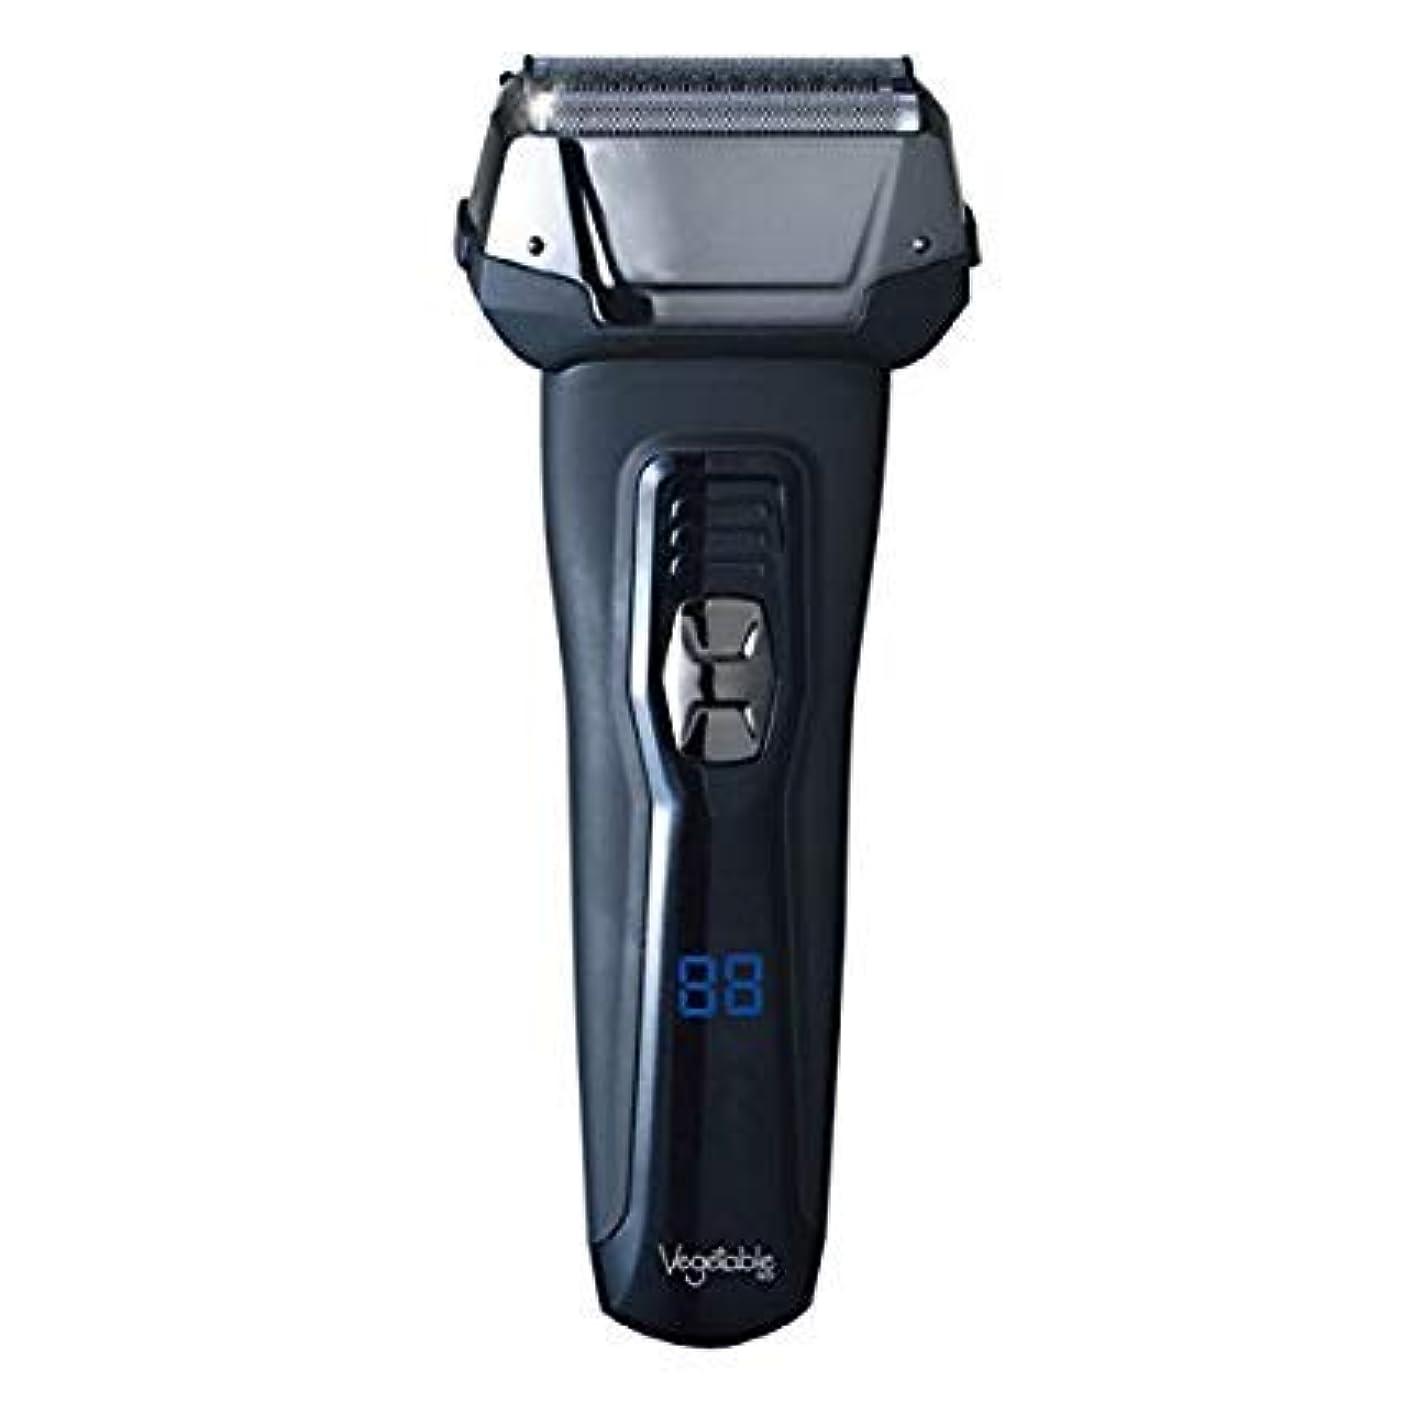 乱雑なラッドヤードキップリング蘇生する髭剃り 電気シェーバー Vegetable 3枚刃 充電交流式ウォッシャブルデジタルシェーバー GD-S307D
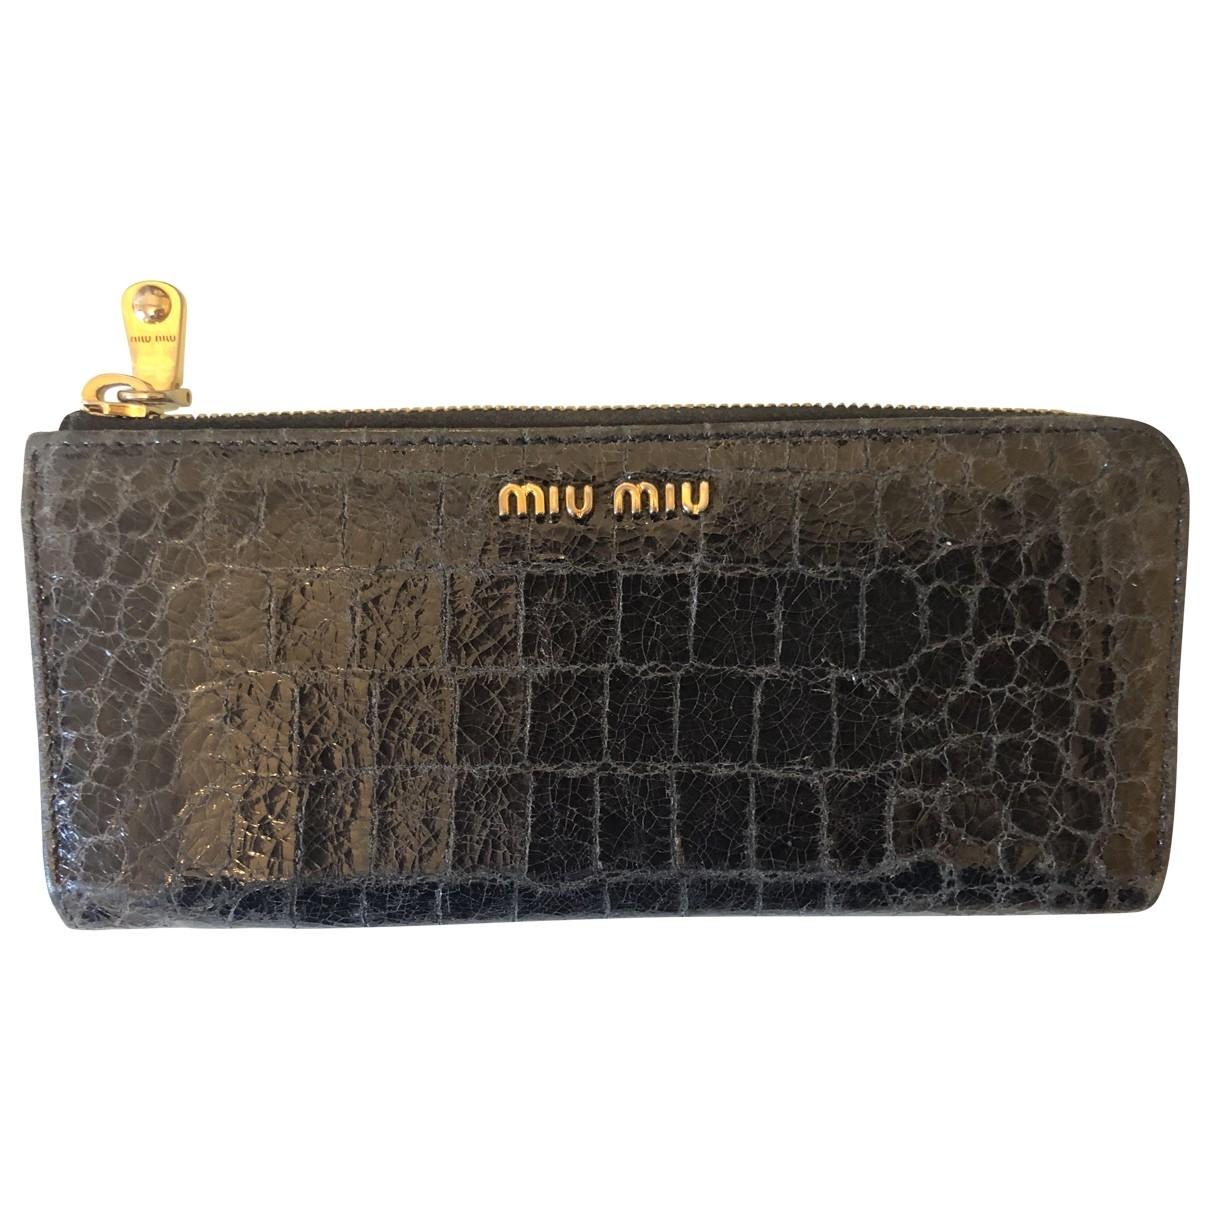 Miu Miu - Portefeuille   pour femme en cuir verni - noir
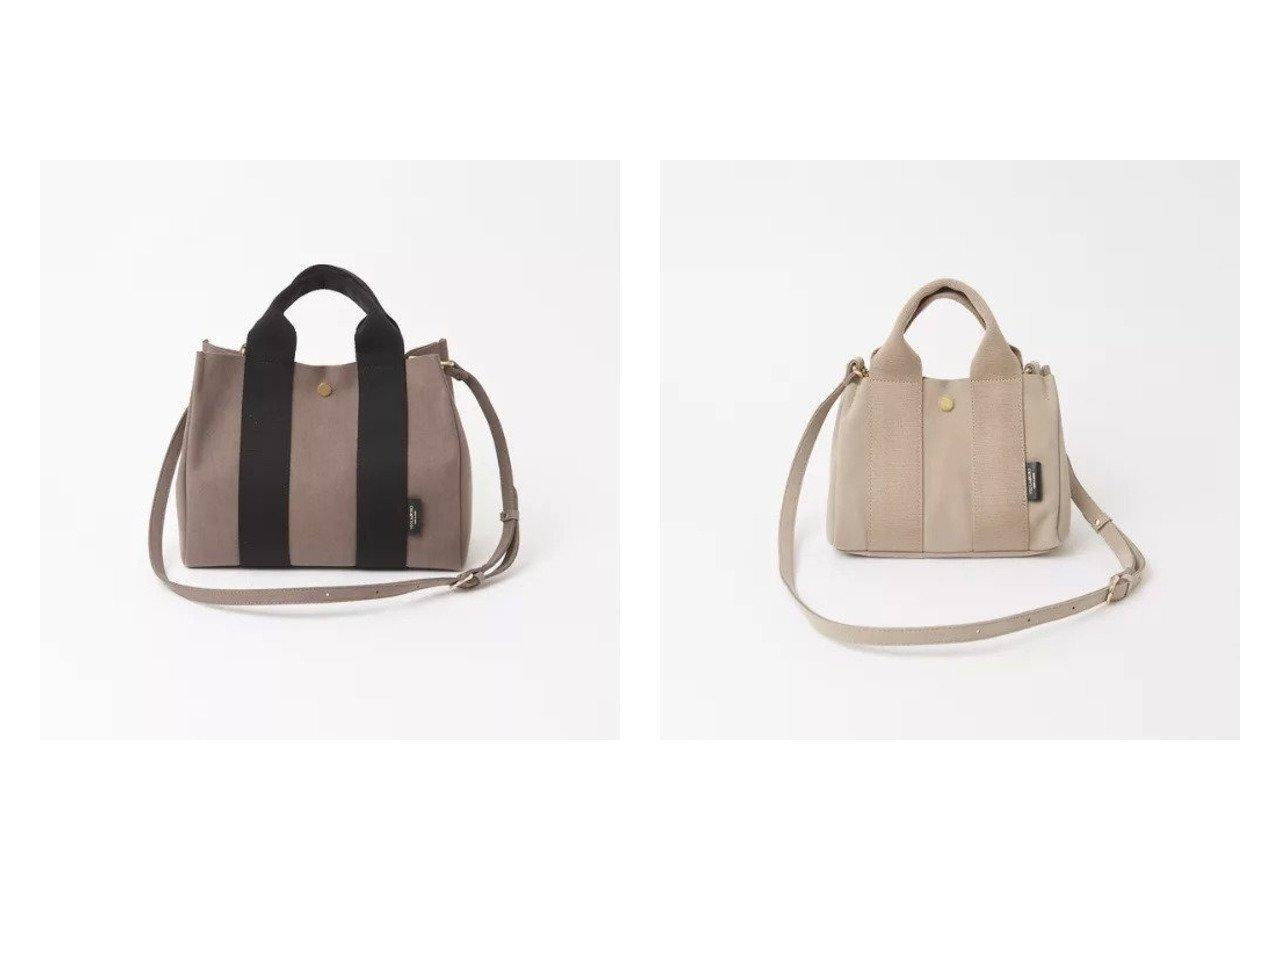 【qualite/カリテ】の【VIOLAd ORO】GINO2063 トートバッグ&【VIOLAd ORO】GINO2075 ミニトート 【バッグ・鞄】おすすめ!人気、トレンド・レディースファッションの通販  おすすめで人気の流行・トレンド、ファッションの通販商品 メンズファッション・キッズファッション・インテリア・家具・レディースファッション・服の通販 founy(ファニー) https://founy.com/ ファッション Fashion レディースファッション WOMEN バッグ Bag 定番 Standard 日本製 Made in Japan  ID:crp329100000026337
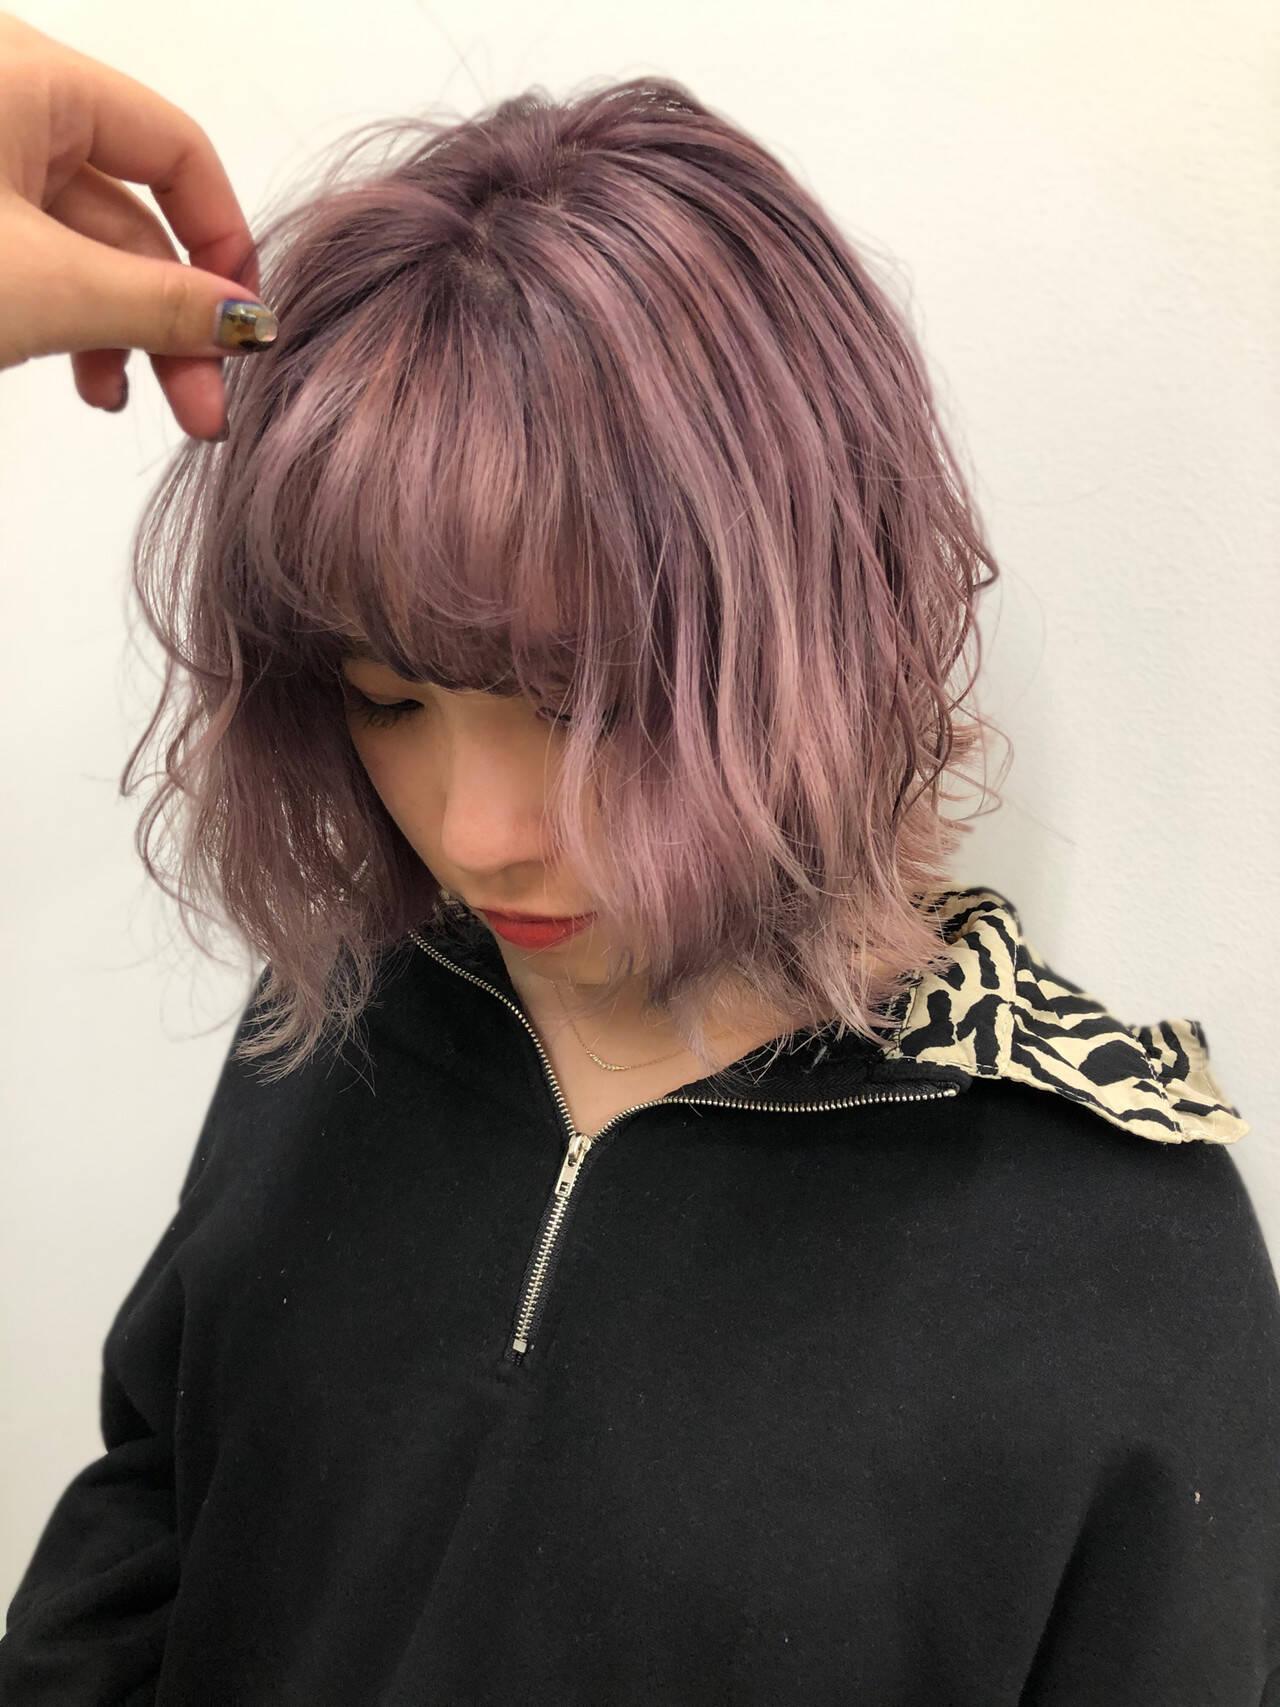 ボブ ラベンダーピンク フェミニン 暖色ヘアスタイルや髪型の写真・画像

------

What is needed is an exact transcription of the lines from the one holding "ORO】GINO2063 トートバッグ&【VIOLAd ORO】GINO2075" to the end of the data, with every picture left out.

_WRITTEN SOLUTION_
 【qualite/カリテ】の【VIOLAd ORO】GINO2063 トートバッグ&【VIOLAd ORO】GINO2075 ミニトート 【バッグ・鞄】おすすめ!人気、トレンド・レディースファッションの通販  おすすめで人気の流行・トレンド、ファッションの通販商品 メンズファッション・キッズファッション・インテリア・家具・レディースファッション・服の通販 founy(ファニー) https://founy.com/ ファッション Fashion レディースファッション WOMEN バッグ Bag 定番 Standard 日本製 Made in Japan  ID:crp329100000026337
 ボブ ラベンダーピンク フェミニン 暖色ヘアスタイルや髪型の写真・画像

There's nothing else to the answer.